6. Семантическая ось «Рациональность – иррациональность» позволяет интерпретировать собственное жизнеосуществление либо с позиций следования, подчинения его неким лежащим вне субъекта правилам, либо подчинения её случайным, стохастическим, авантюрным, рискованным факторам. В первом случае можно говорить о том, что субъекта интересует «правильность», проверенная временем и другими поколениями людей «разумность» выстраивания жизни, «универсальная похожесть» её на некий социокультурный прототип, образец («Они требуют – я подчиняюсь»), а во втором – о почти трикстерском восприятии жизни как экзистенциального трипа, приключения, авантюры («Я хочу – я пробую»). Тогда для жизни нет неукоснительных правил, канонов, оценок, которые стоит охранять, которыми стоит дорожить, о которых стоит заботиться, потому что и здесь, и в «других пространствах и мирах» возможны другие, не менее интересные варианты существования. «Жизнь коротка и преходяща» – принцип, который заставляет человека совершать всякие иррациональные «пробы пера», бросать себя на расширение границ собственного жизненного мира, пренебрегая страхом перед социальными оценками, санкциями или неудачами. Интерпретации, как думается, могут подвергаться личностные итоги социализации (меры собственной зависимости-автономности от других в сопоставлении с рефлексируемой подлинностью). Вопрос, который, вероятно, может формулировать для себя личность – «Должен ли я жить по каким-то иным правилам, кроме тех, что вывел для себя сам и подтвердил своей жизнью?».

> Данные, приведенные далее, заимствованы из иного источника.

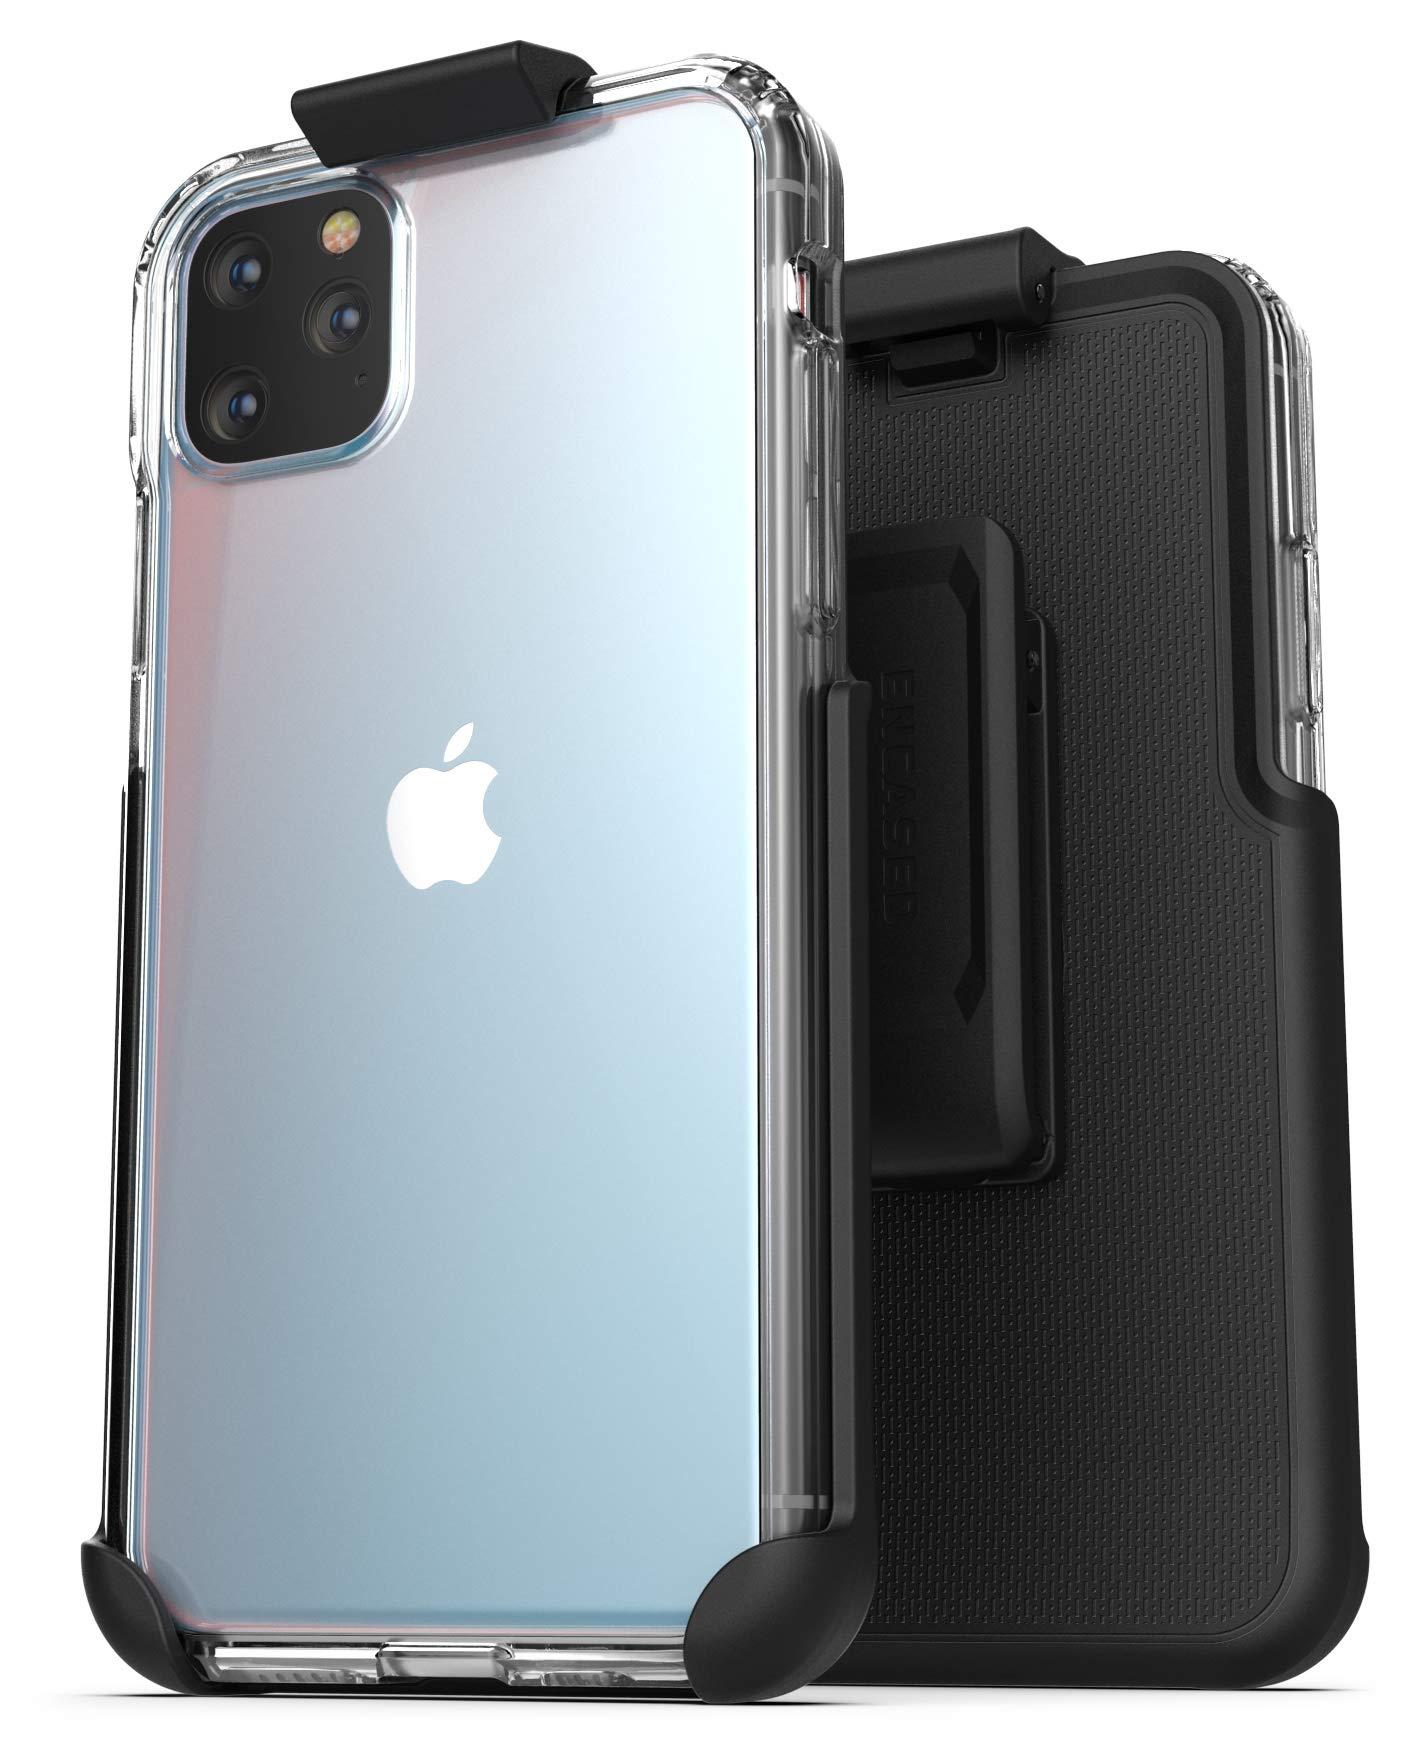 Funda para iPhone 11 Pro Max 2019-L4J5

«Мой отец всегда говорил, что если дела в жизни не идут так, как надо, надо такую жизнь “переламывать”. Смысл в том, чтобы сделать что-то такое, на что в благополучных обстоятельствах ты никогда бы не решился, поступить вопреки ожидаемой логике. Он сам так поступал, и я с детства привык жить именно по этому принципу. Красивые девчонки ждут “принцев на белом коне” – он женился на некрасивой. В вузы, куда стремились все, были безнадёжно высокие конкурсы – он пошёл и поступил в самый непрестижный, был там лучшим студентом. Квартиру в приличном районе он бы ждал до второго пришествия, поэтому сразу, как встал вопрос, согласился на самый паршивый в городе район. И так – почти во всём: пошутит, посмеётся над собой или паршивой жизнью и выкинет что-нибудь “эдакое”, чего никто и не ожидает: все старались “откосить” от армии, а он сам явился в военкомат, хотя мог рассчитывать на отсрочку; ходил стричься к начинающим парикмахерам и практикантам; не избегал молодых неопытных врачей; смотрел кино и читал книги, которые никто не понимал; уже во взрослом возрасте получил второе высшее образование – философское; все на дачах сажали картошку и огурцы, а он выращивал дыни и виноград… Он всегда говорил: вот, идёшь к начинающему врачу или парикмахеру, и он старается для тебя, потому что ему важна не только твоя положительная оценка, но и возможность самоутвердиться в своём деле; женишься на некрасивой – и она благодарна тебе за этот выбор, никогда не изменит и не предаст… И, знаете, в этой жизненной философии что-то есть…» (Владислав, 44 года).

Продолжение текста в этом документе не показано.